EgyptFeatures/Interviews

Vote counting underway in historic Egypt election

Following two days of voting, vote counting began Thursday at 9 pm in the election that will determine Egypt’s next president.

Unless one of the 13 candidates achieves more than 50 percent of the vote, runoff elections are expected for 16 and 17 June. Polls conducted before voting began varied widely, with the election appearing to be a toss-up between five leading candidates.

The results are still extremely preliminary because votes are being counted and can later be appealed, but Egypt Independent reporters’ access to ten polling stations in scattered locations across the country provides some insight into the count that determines the Egypt’s future.

At polling stations around the country, plastic ballot boxes are being unloaded by judicial officials, who then count out each vote individually while an assistant keeps tally on a lined piece of paper. The specifics, however, are varying widely across different polling stations.

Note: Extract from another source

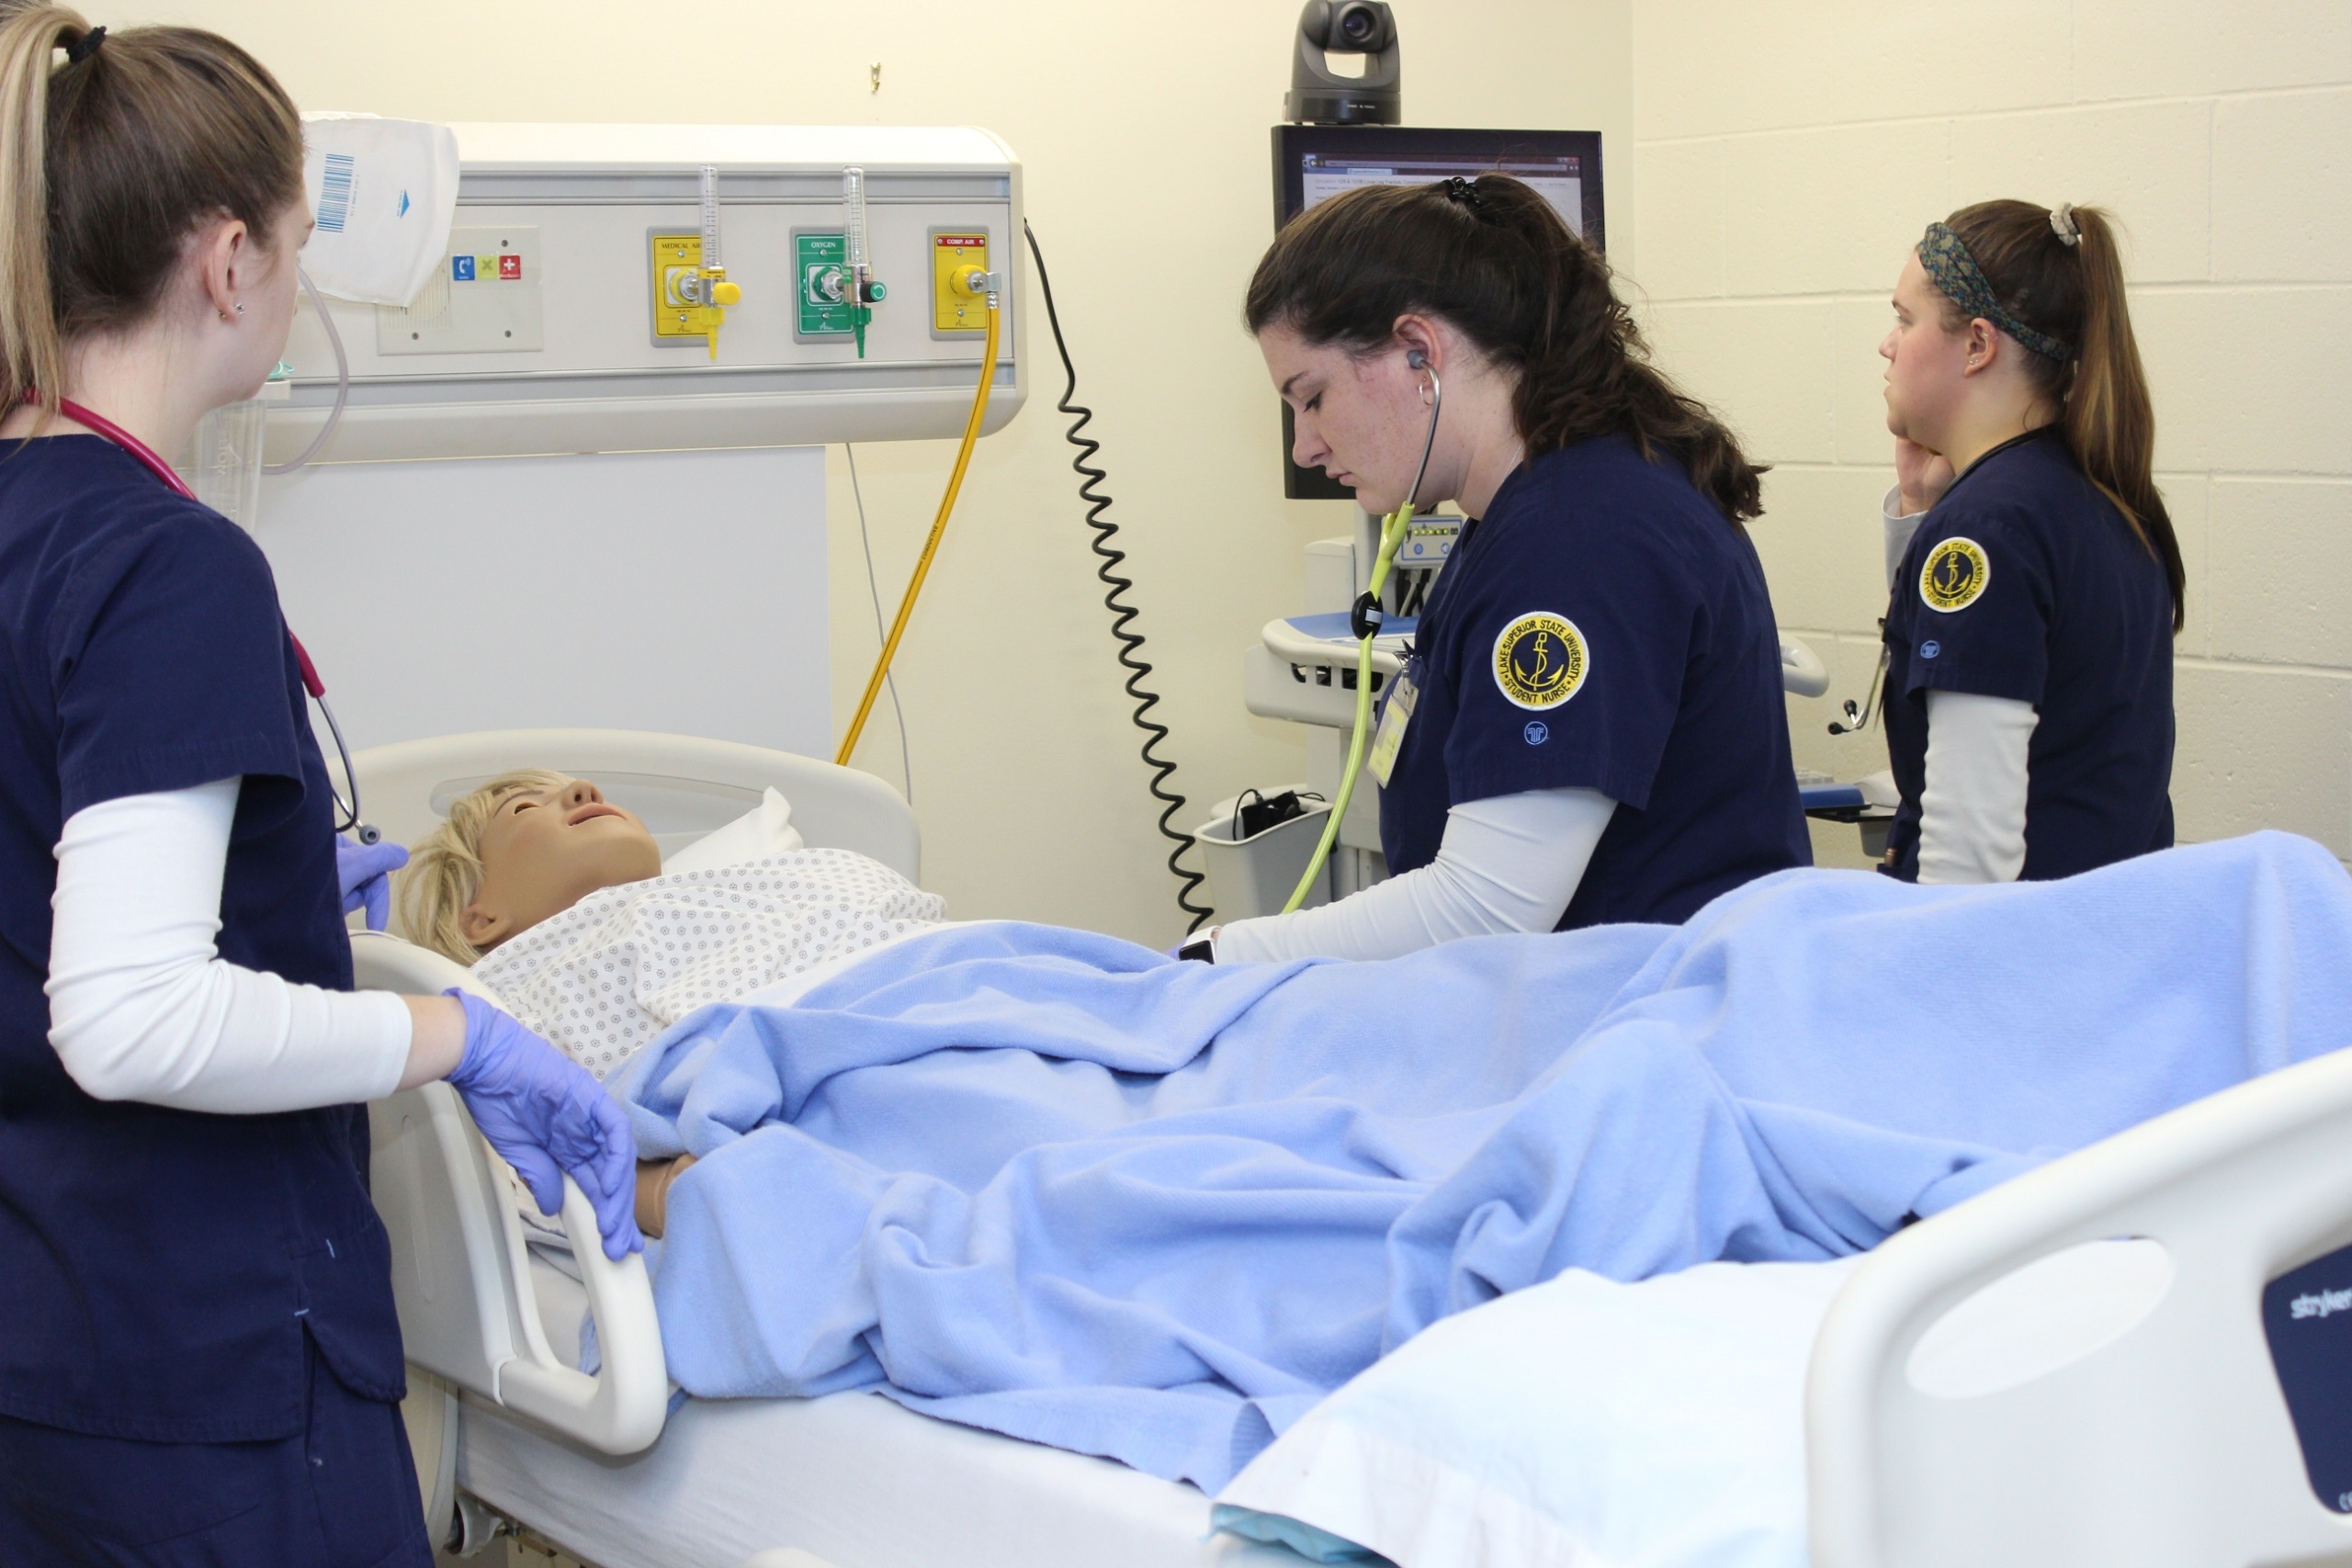 nursing students in simulation

At the largest polling station in Arish, the capital of North Sinai, the judge presiding over the polling station considers a ballot invalid if anything other than a check mark is written next to a candidate’s name. At a polling station in the middle class Cairo neighborhood of Sayeda Zeinab, however, the presiding judge considers any demonstration of a voter’s clear intention as a valid ballot. At a polling station in Ard al-Lewa, an infromal neighborhood in Giza, any writing voids the ballot.

Meanwhile, in a sweltering hot school in Old Cairo, the judge and his assistants stacked ballots by candidate before beginning counting. The process took over an hour but sped up the counting process. At the Medina School in the Giza neighborhood of Dokki, the presiding judge is armed with a handgun.

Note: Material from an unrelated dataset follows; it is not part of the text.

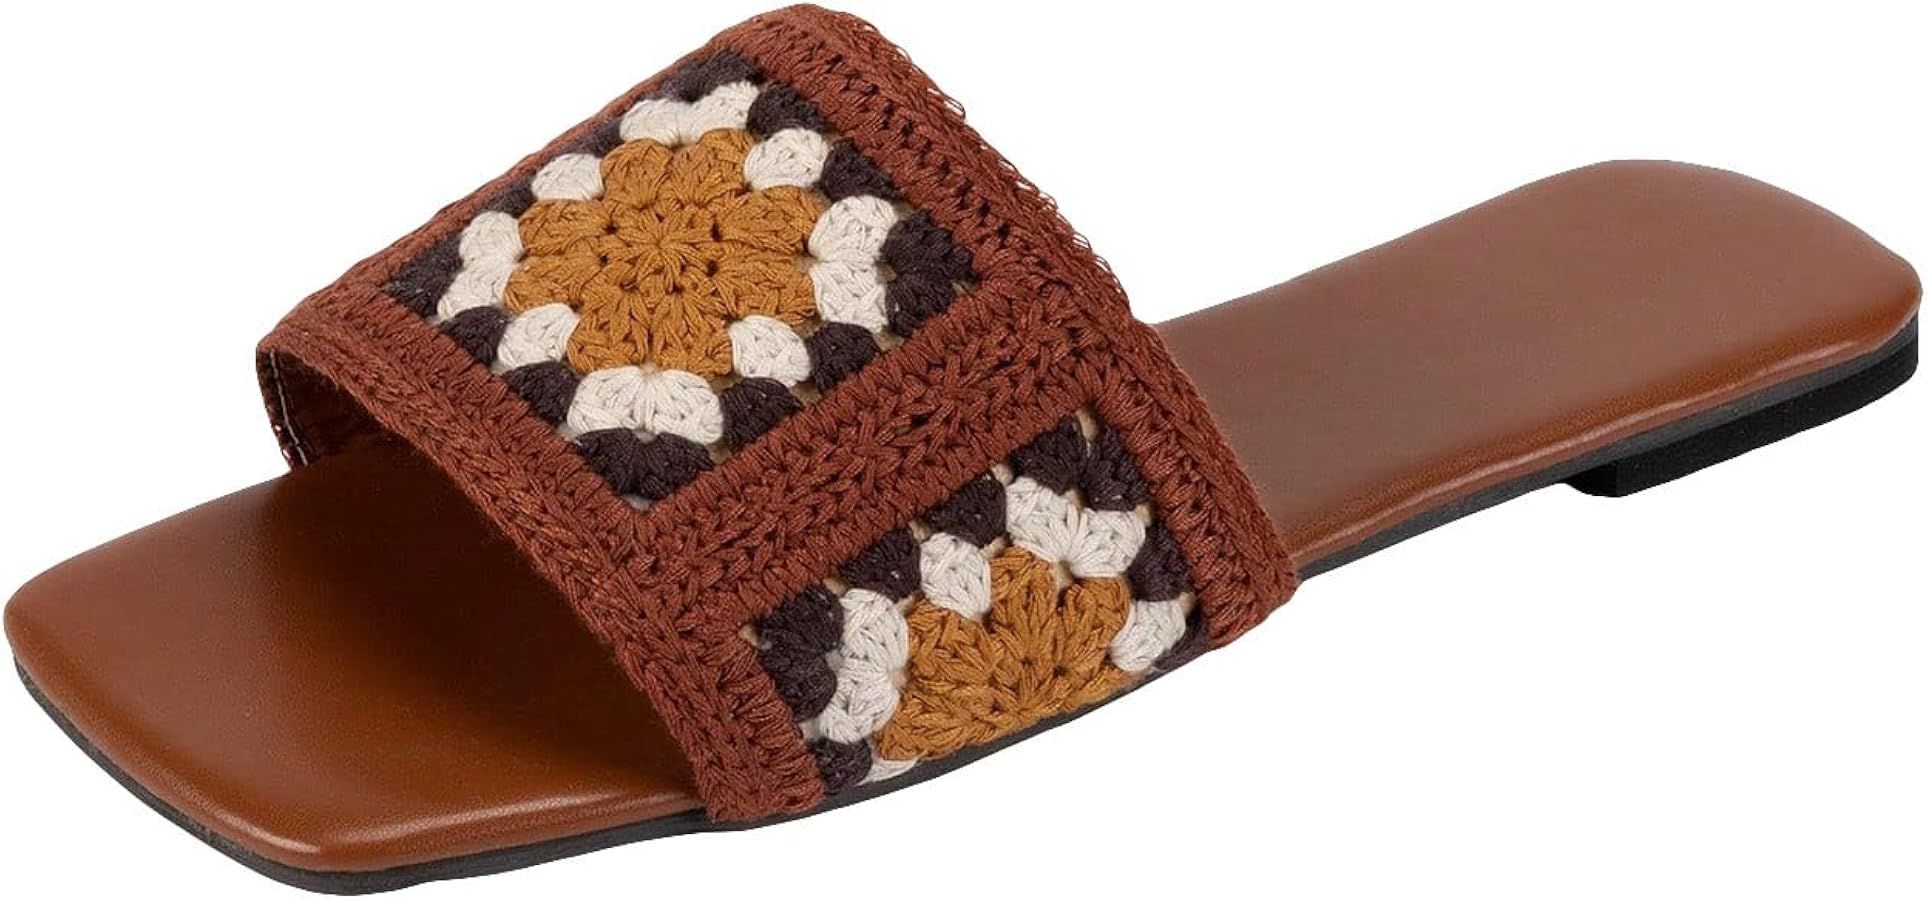 OYOANGLE Women's Colorblock Crocheted Square Open Toe Flat Sandals Lightweight Slip on Slides Bea... | Amazon (US)

In Ard al-Lewa, Nasserist candidate Hamdeen Sabbahi was winning in the poll by such a great degree that the presiding judge began to make puns on the candidate's name.

In addition to judges and government employees acting as support staff, each campaign is allowed to have two representatives oversee the voting process, though only the leading campaigns appear to be represented everywhere. Accredited journalists and election observers are also present in some instances.

Voter turnout appeared to be lower than anticipated across the country.

At the Basataeen polling station, 2,300 of 3,300 eligible voters cast ballots. At the Abdel Moneim Riyadh School, the largest polling station in the Upper Egyptian city of Qena with over 200,000 voters, turnout is not expected to exceed 50 percent.